Raporun sonuç bölümünde talepler şöyle sıralandı:
“* Yangından etkilenen bölgenin ivedilikle Afet Bölgesi ilan edilmelidir.
* Yangınlara hızlı ve etkili bir şekilde müdahale edebilmek için acil durum planlarının güncellenmesi ve düzenli tatbikatlar yapılması gerekmektedir. Havadan müdahale kapasitesinin artırılması önemlidir.
* Elektrik altyapısının düzenli bakımı ve güncellenmesi, yangın risklerini azaltmak için hayati önem taşımaktadır.
* Yangından etkilenen bölge halkına ekonomik destek sağlanmalı ve psikolojik yardım hizmetleri sunulmalıdır.

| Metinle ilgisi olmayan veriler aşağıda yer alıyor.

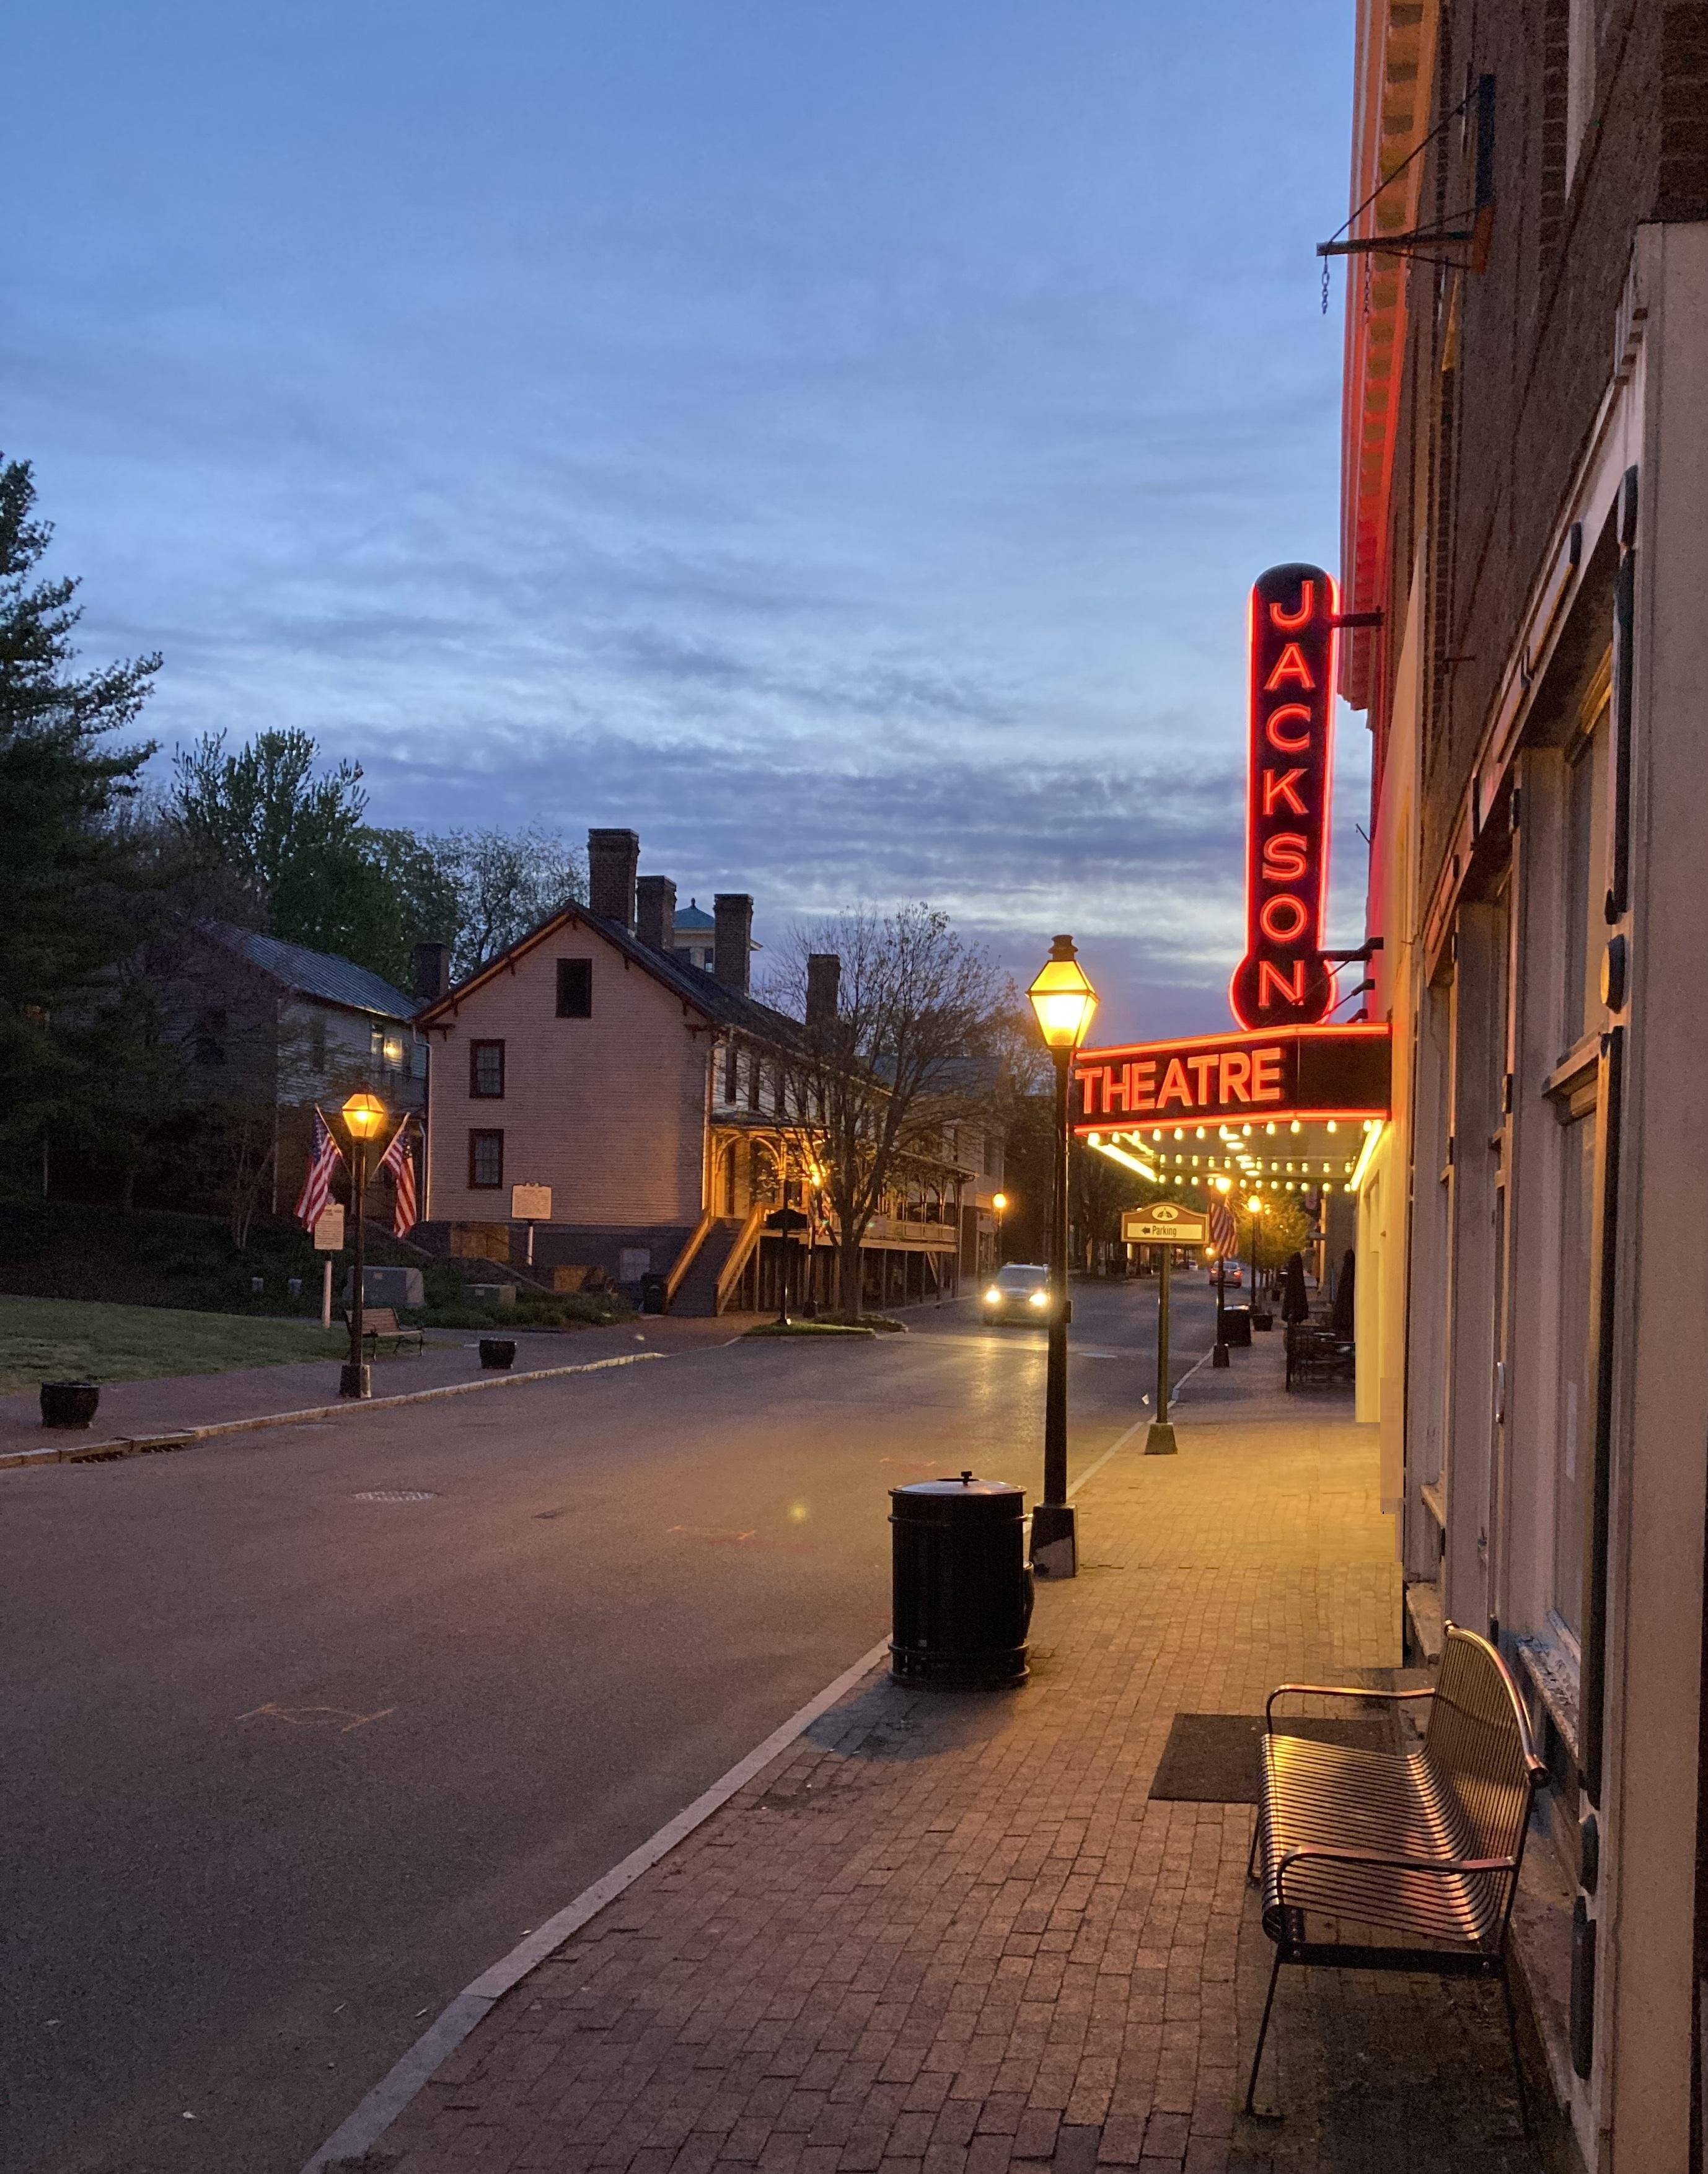 Jackson Theatre 4-23-21

* Çevre hakkı, temel haklar sisteminin bütünlüğü içinde değerlendirmelidir. Ulusal ve uluslararası çevre hukuku ve politikaları; çevrenin dünyanın her yerinde ve her koşulda korunması anlayışına dayanmalıdır.

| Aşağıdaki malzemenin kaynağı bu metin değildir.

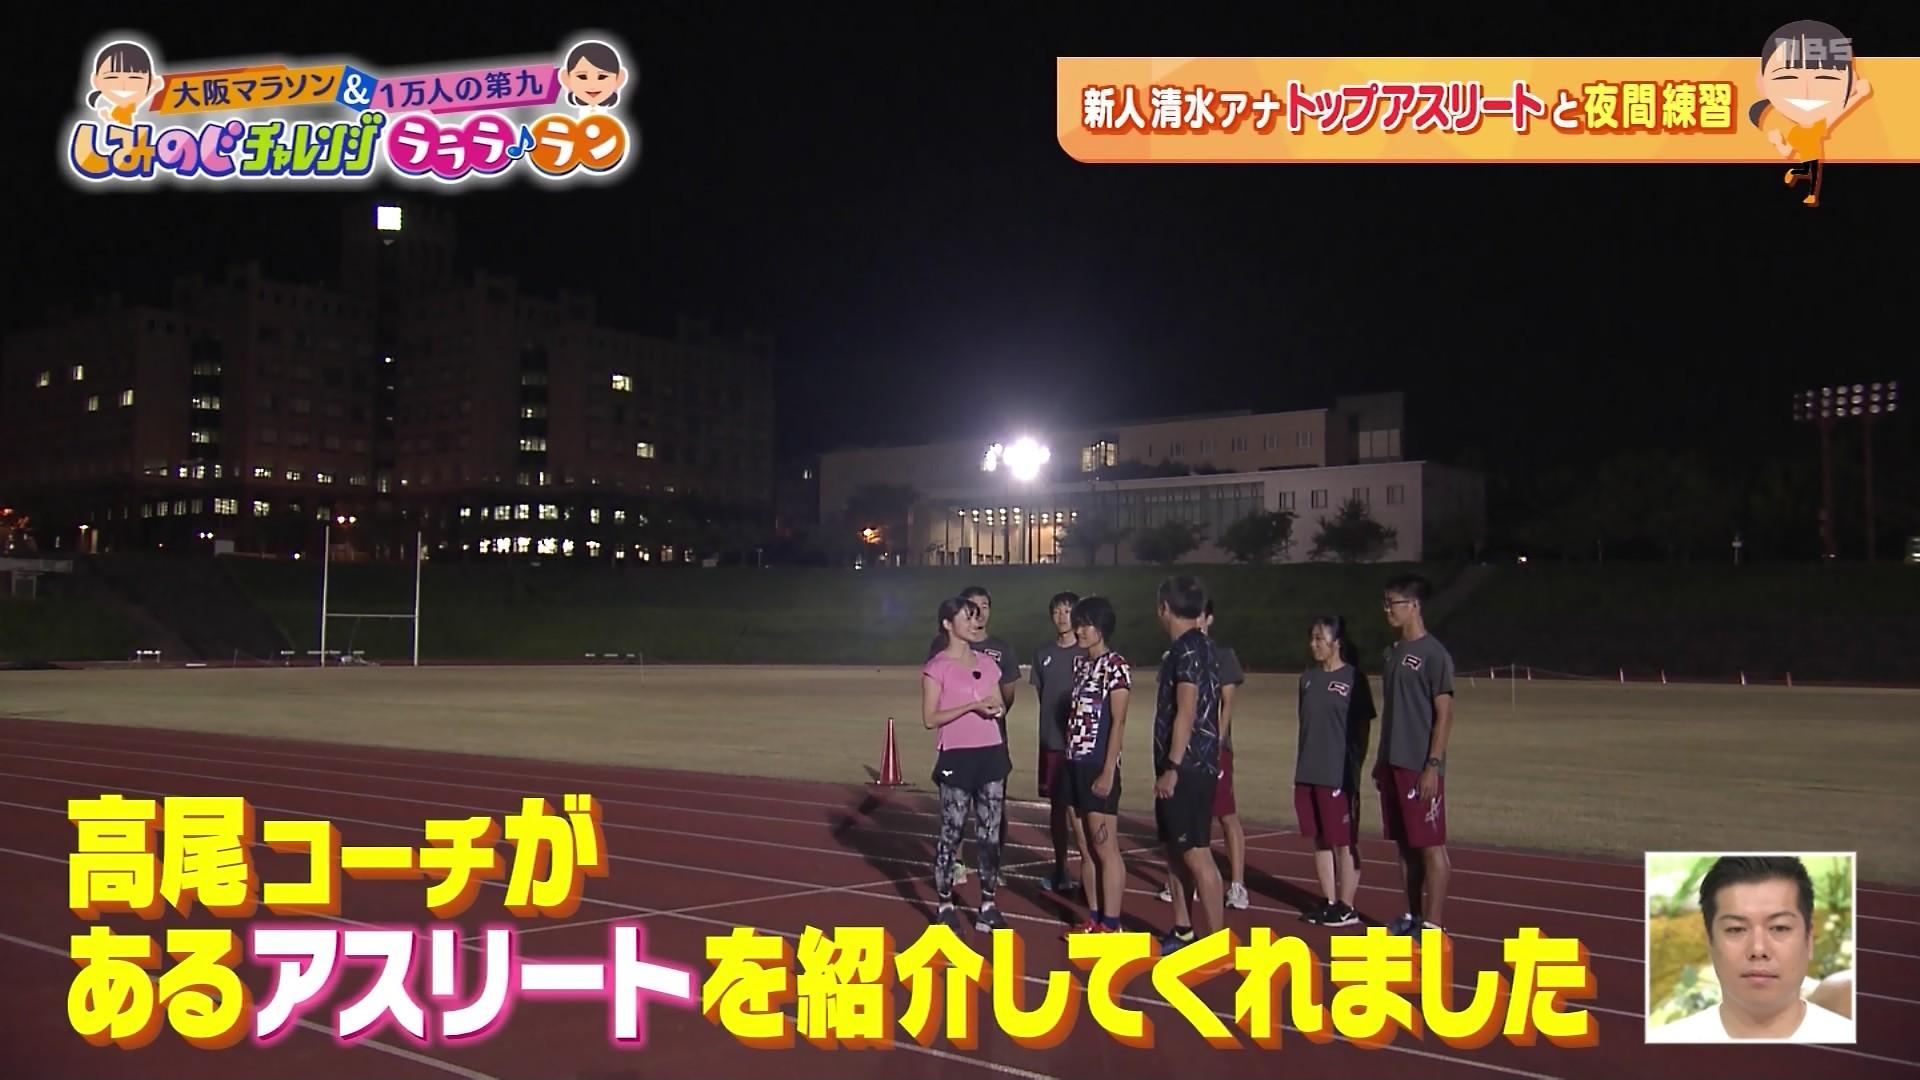 2019年10月11日に放送された「ちちんぷいぷい」に出演した女子アナ・清水麻椰さんのテレビキャプチャー画像-006

* Yangından etkilenen ekosistemin yeniden yapılandırılması ve ağaçlandırma çalışmalarının yapılması gerekmektedir.
* Hayvanların yangınlardan korunması için özel tedbirler alınmalı, yangın anında ve sonrasında hayvanların kurtarılması ve tedavi edilmesi için veteriner ekipleri hazır bulundurulmalıdır.
* Yaban hayatının korunması ve yangın sonrası ekosistemin yeniden dengelenmesi için projeler geliştirilmelidir.”